Generalized SAV-exponential integrator schemes for Allen-Cahn type gradient flows

TL;DR

This paper introduces new first- and second-order linear schemes for Allen-Cahn gradient flows that unconditionally preserve energy dissipation and maximum bound principles, improving stability and accuracy over existing methods.

Contribution

The paper develops and analyzes novel SAV-exponential integrator schemes that guarantee unconditional energy and MBP preservation for Allen-Cahn type equations.

Findings

Unconditionally preserve energy dissipation law.

Unconditionally preserve maximum bound principle.

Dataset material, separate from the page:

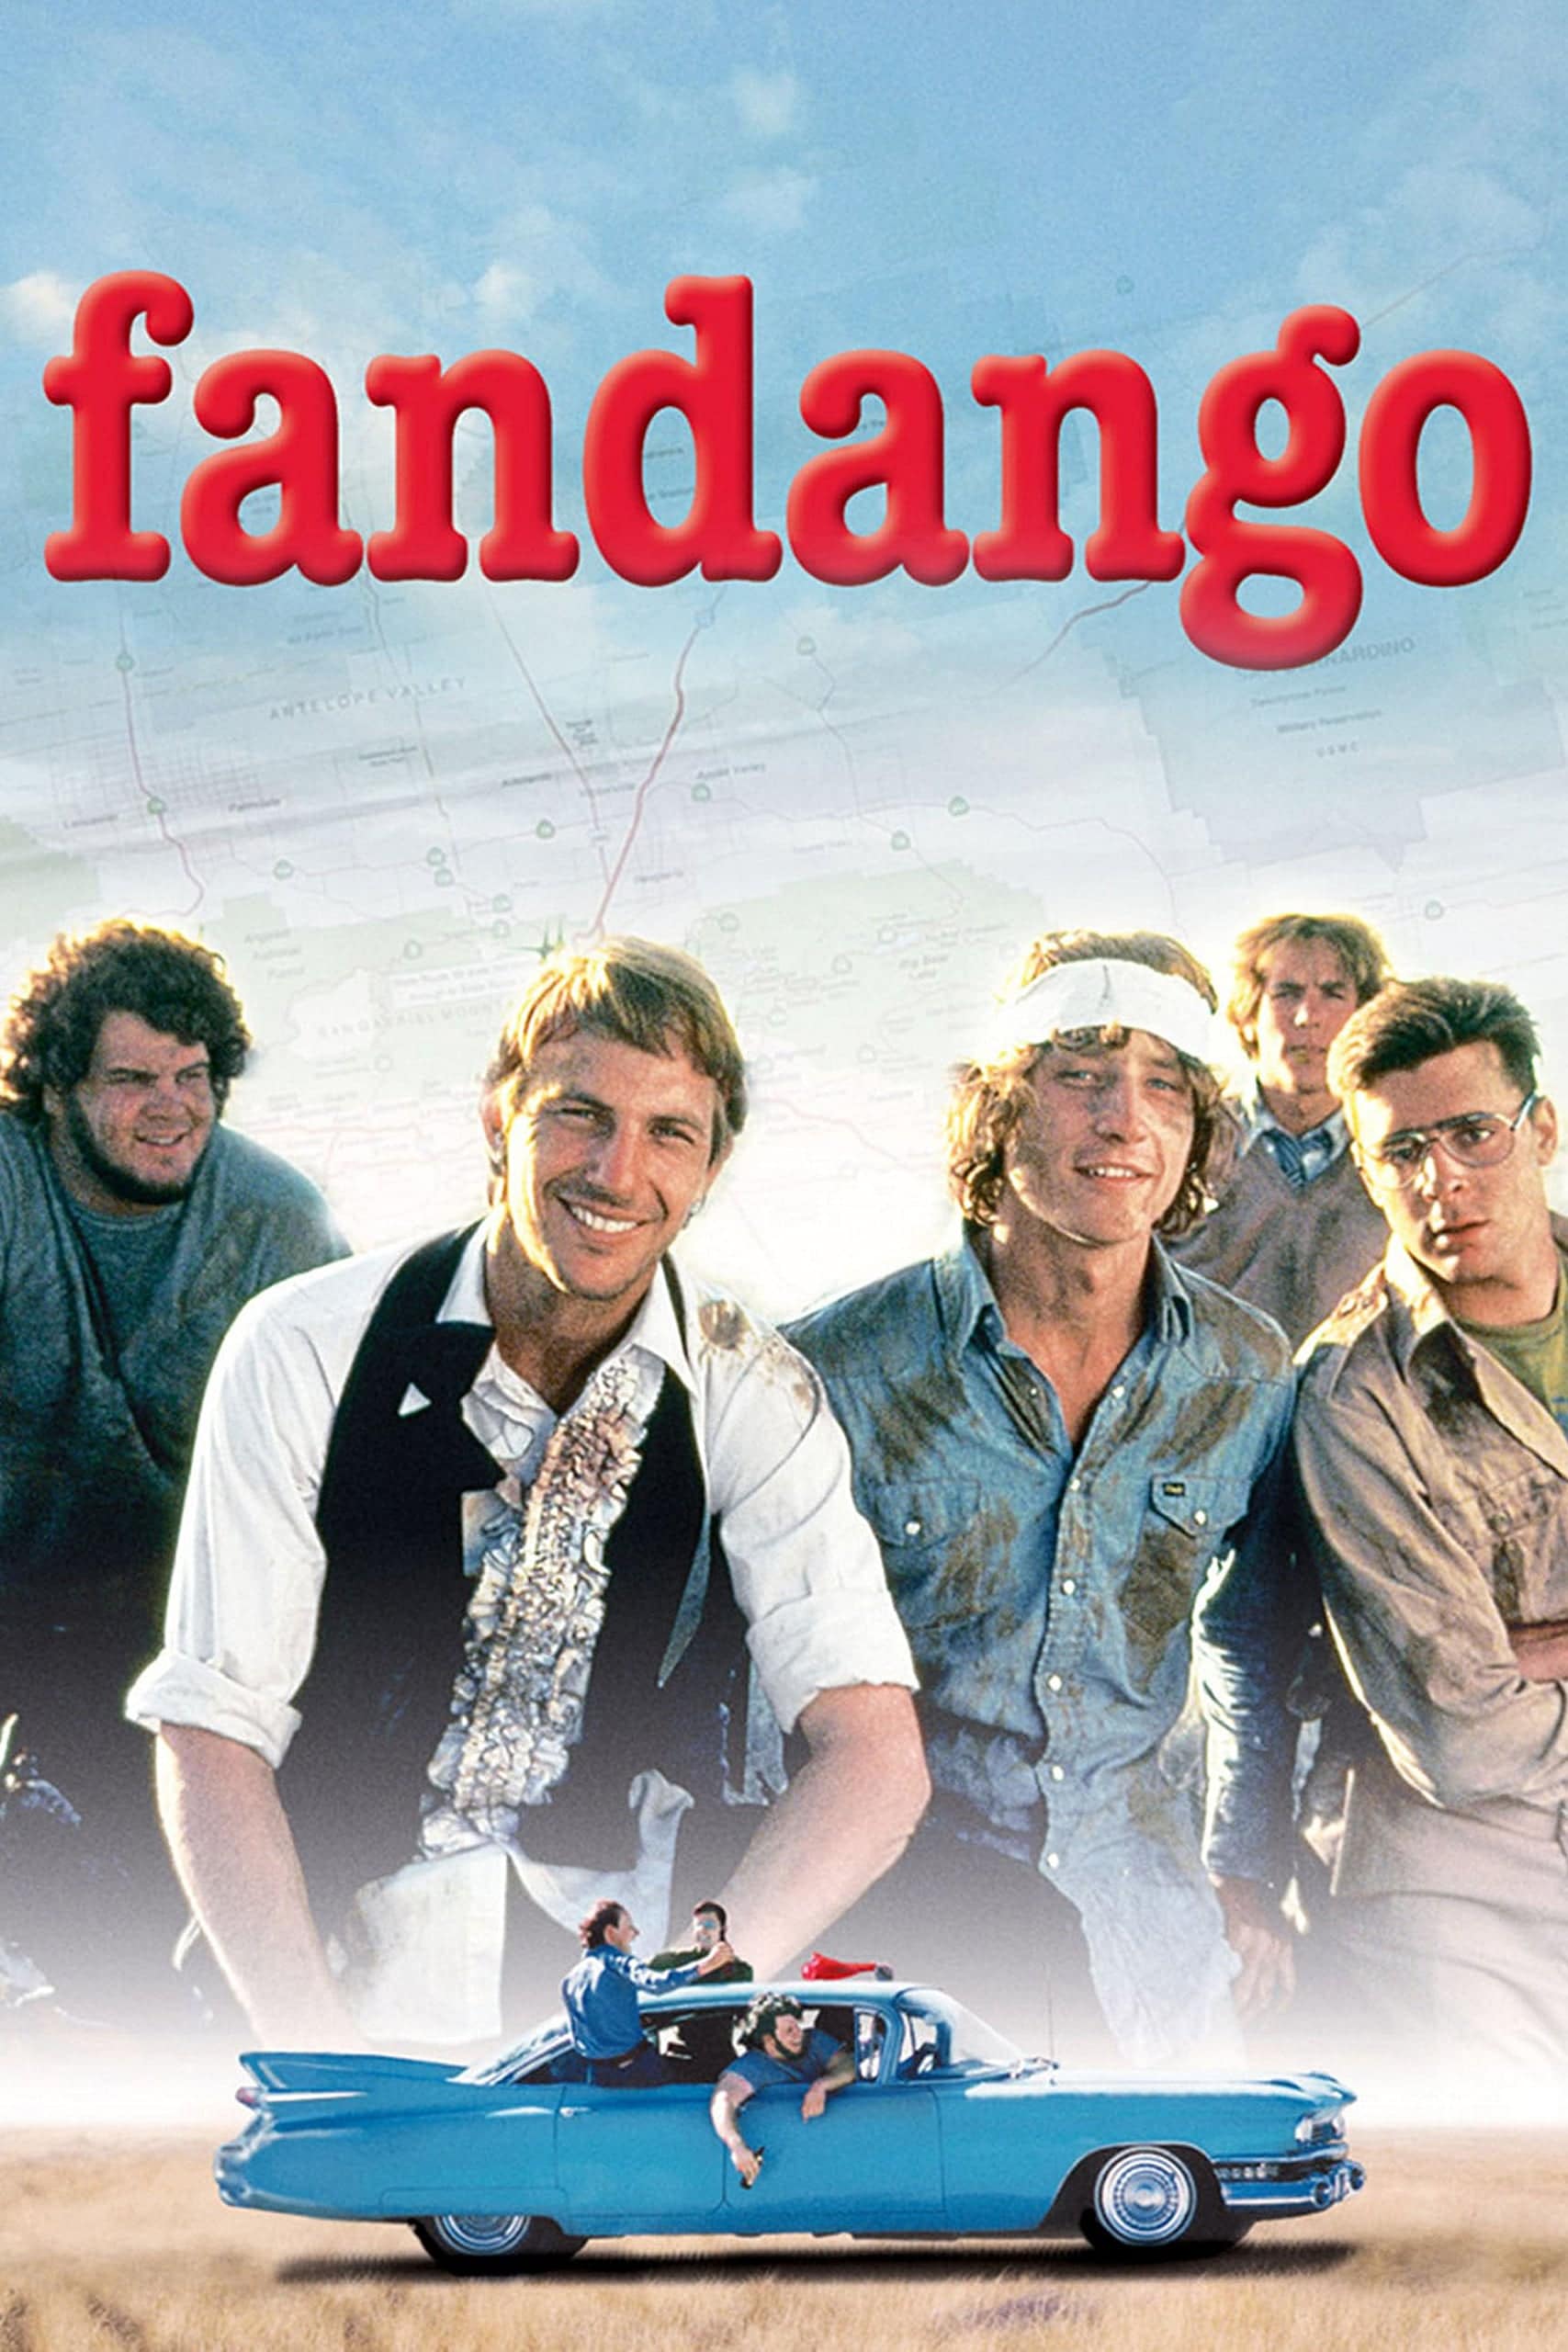 Plakat von "Fandango"

Achieve optimal temporal error estimates.

Abstract

The energy dissipation law and the maximum bound principle (MBP) are two important physical features of the well-known Allen-Cahn equation. While some commonly-used first-order time stepping schemes have turned out to preserve unconditionally both energy dissipation law and MBP for the equation, restrictions on the time step size are still needed for existing second-order or even higher-order schemes in order to have such simultaneous preservation. In this paper, we develop and analyze novel first- and second-order linear numerical schemes for a class of Allen-Cahn type gradient flows. Our schemes combine the generalized scalar auxiliary variable (SAV) approach and the exponential time integrator with a stabilization term, while the standard central difference stencil is used for discretization of the spatial differential operator. We not only prove their unconditional preservation of the energy dissipation law and the MBP in the discrete setting, but also derive their optimal temporal error estimates under fixed spatial mesh. Numerical experiments are also carried out to demonstrate the properties and performance of the proposed schemes.